Víctor Manuel Anastasio Galicia Ávila (born 15 April 1952) is a Mexican politician from the Institutional Revolutionary Party (PRI). From 2010 to 2012 he served as Deputy of the LXI Legislature of the Mexican Congress representing Baja California Sur.

Galicia Ávila graduated as an architect from the International Schools of Latin America. He worked as Chief of Cartography and Plans of the Agrarian Reform Secretariat in Mexico City from 1981 to 1983. In 1987 he served as Head of the Department of Higher Organizations of the Agrarian Reform Secretariat of Mexico City. In 1989 he was Chief of Agroexports of the Secretary of Agriculture and Hydraulic Resources in Mexico City, and in 1994 he was elected State Delegate of the National Commission of Integral Development and Social Justice for the Indigenous Peoples of Ensenada, Baja California. In 1998 he was elected proprietary counselor of the Rural Credit Bank of the Northwest.

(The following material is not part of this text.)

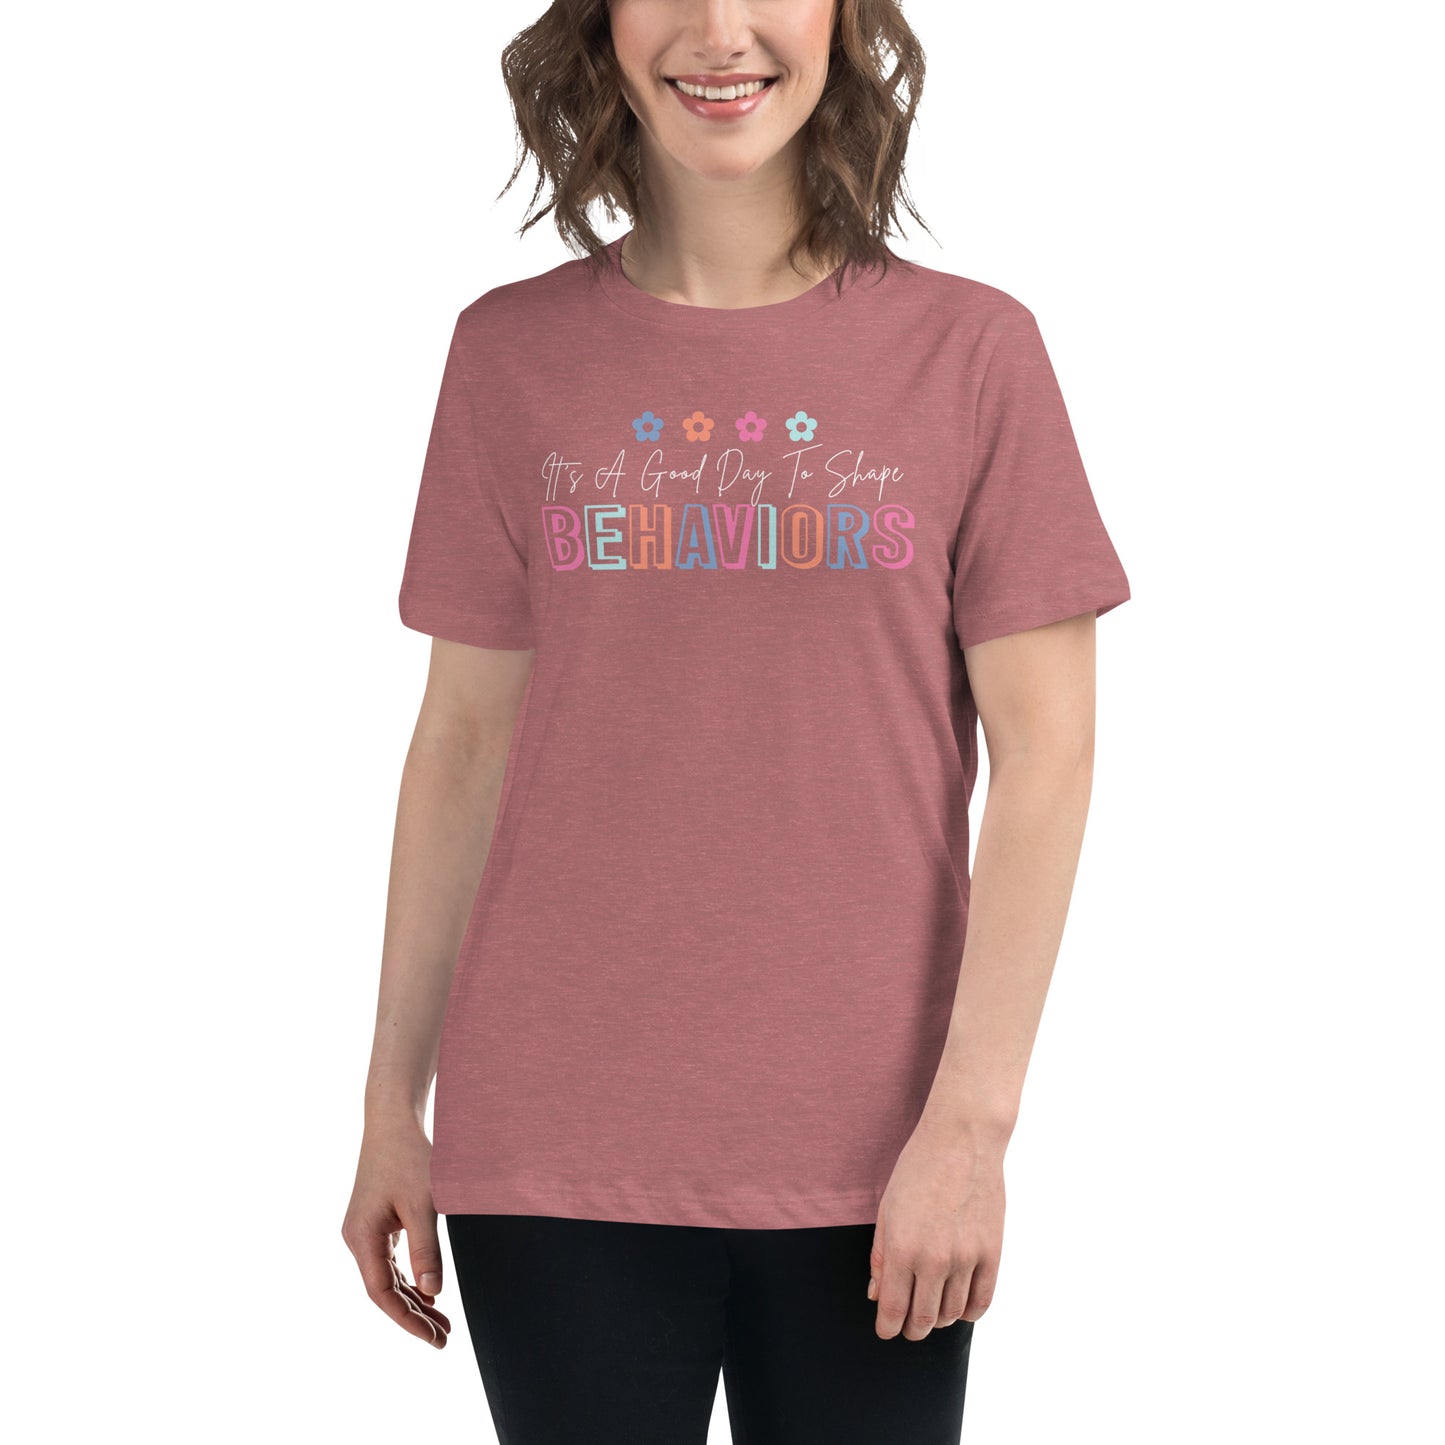 It’s a Good Day to Shape Behaviors - Women’s T-shirt

He has served as Delegate of the National Executive Committee of the Institutional Revolutionary Party in the State of Baja California Sur; Delegate of the National Executive Committee of the National Peasant Confederation in the States of Oaxaca, State of Mexico, and Campeche.

He is currently Secretary of Fisheries and Aquaculture of the National Executive Committee of the National Peasant Confederation.

Víctor Manuel Galicia Ávila took protest as senator of the LXIII Legislature in February 2018.